The Urban Poor Build Customized, Sustainable Homes
Haidy Duque, one of Colombia’s most celebrated serial social entrepreneurs, has a new project: she is helping the urban poor build customized, affordable homes from environmentally sustainable materials.
Duque is an Ashoka Hybrid Value Chain Fellow. Her organization, Por Una Vivienda Digna, has improved the lives of thousands since 2004 by providing impoverished communities with access to credit, technical assistance, and personalized financial education to strengthen budget planning processes for both individuals and families.
Duque’s past experience includes launching initiatives designed mange intense group conflict and violence, and using information technology to promote development and prosperity. She is now mixing it up in the urban development field by entering the Changemakers Sustainable Urban Housing: Collaborating for Liveable and Inclusive Cities competition.

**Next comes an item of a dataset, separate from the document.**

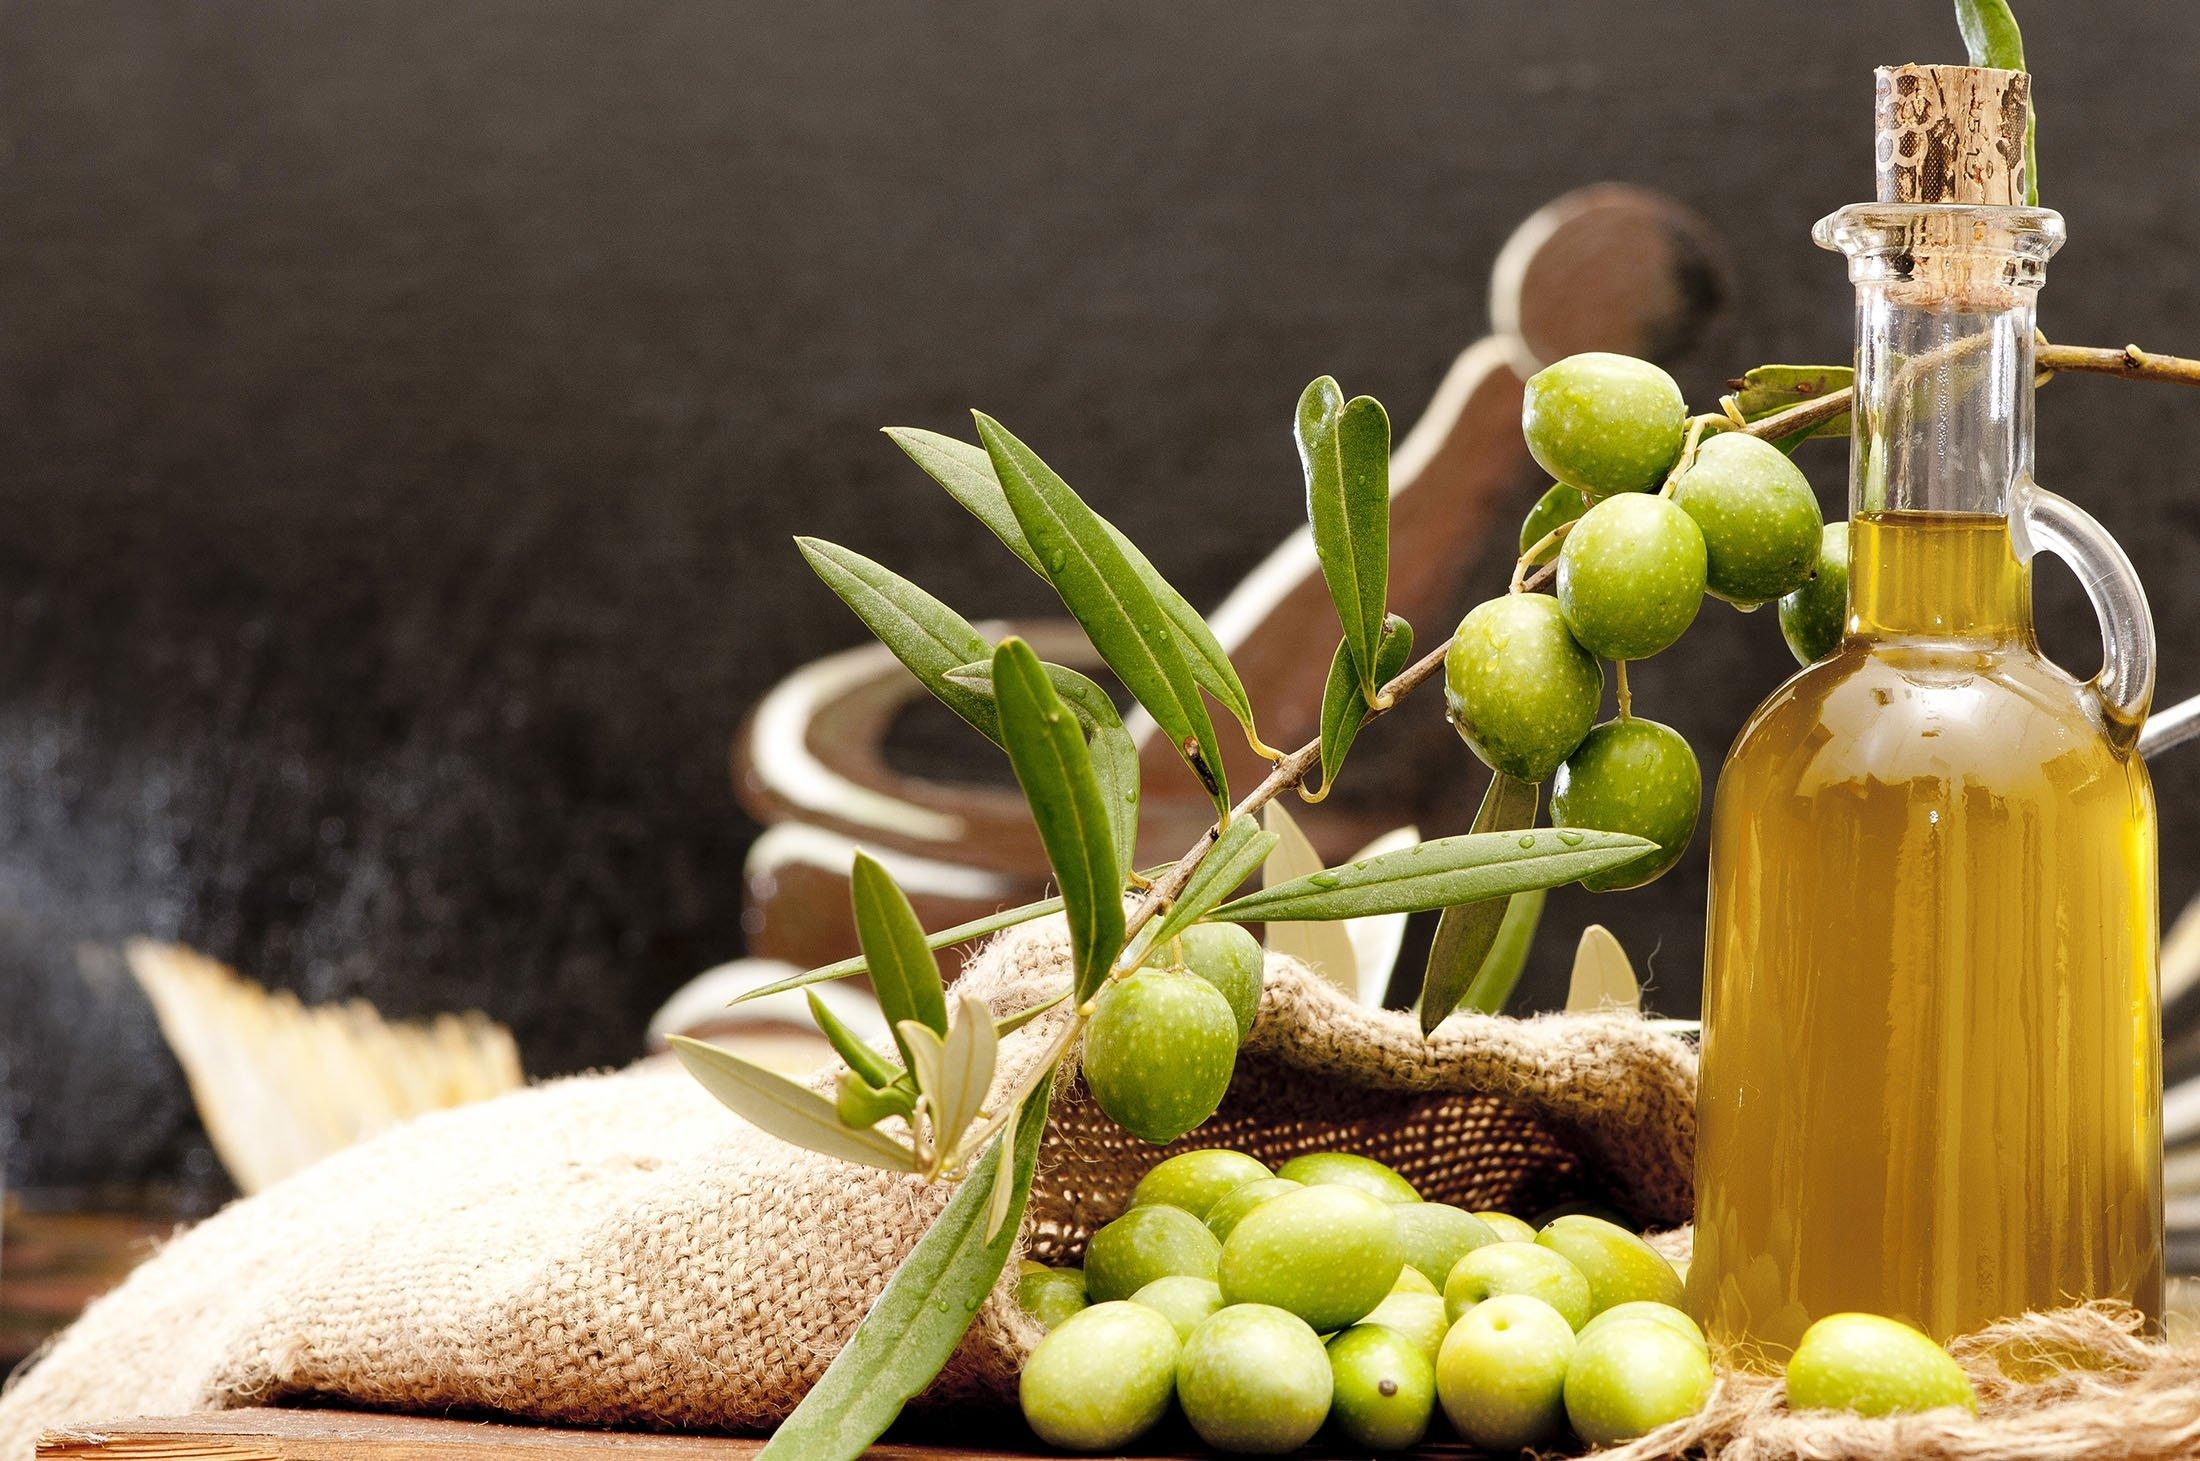 Sızma zeytinyağının kalp hastalığı riskini azaltmaya yardımcı olduğu gösterilmiştir. (Shutterstock Fotoğrafı)

“Our objective is to provide access to dignified sustainable housing and mitigate the effect of global warming by offering technical assistance to the families,” Duque said. “By using ecological construction techniques and applying professional expertise to the process, we create comfortable, light-filled houses that take into account of the entire family and help it raise its standard of living.”
Por Una Vivienda Digna’s programs have been replicated across Colombia’s largest cities, including Bogotá, Medellín, Cali, Barranquilla, Cartagena and Pereira. Already, her project has allowed impoverished families to rebuild or remodel 30,000 homes, producing a transformative effect on their communities: creating a sense of place, belonging, and opportunity.
Her innovative housing process includes easy financing in the form of micro-loans; community participation and consultancy; and custom, personalized designs built from environmentally sustainable materials. To manage risk and prevent defaults, citizens must participate in an interview process with program promoters.
The interview results are then forwarded to a financial entity for review. The promoters also act as community advisors, helping their neighbors set-up credit payment plans and and advising them how to improve their homes, little by little.
“A family’s number one goal is to improve the quality of existing housing structures,” Duque said. “Pro Vivienda empowers families with both the capital and the means to better their lives, without having to readjust their other economic commitments.”
The success of Duque’s Pro Viviendia has literally changed the look of Colombia’s sustainable urban housing market. But more importantly, her efforts have made a world of difference to many marginalized, low-income families across the country.
“A comfortable home improves self esteem, as well the relationships among all family members, protecting them from violent situations that they might otherwise experience in the streets,” Duque said.
Join Duque in helping to build more livable and inclusive cities. Submit your solution, or nominate a project, from now until February 11, 2011. Three winners will win US $10,000 to scale their initiatives.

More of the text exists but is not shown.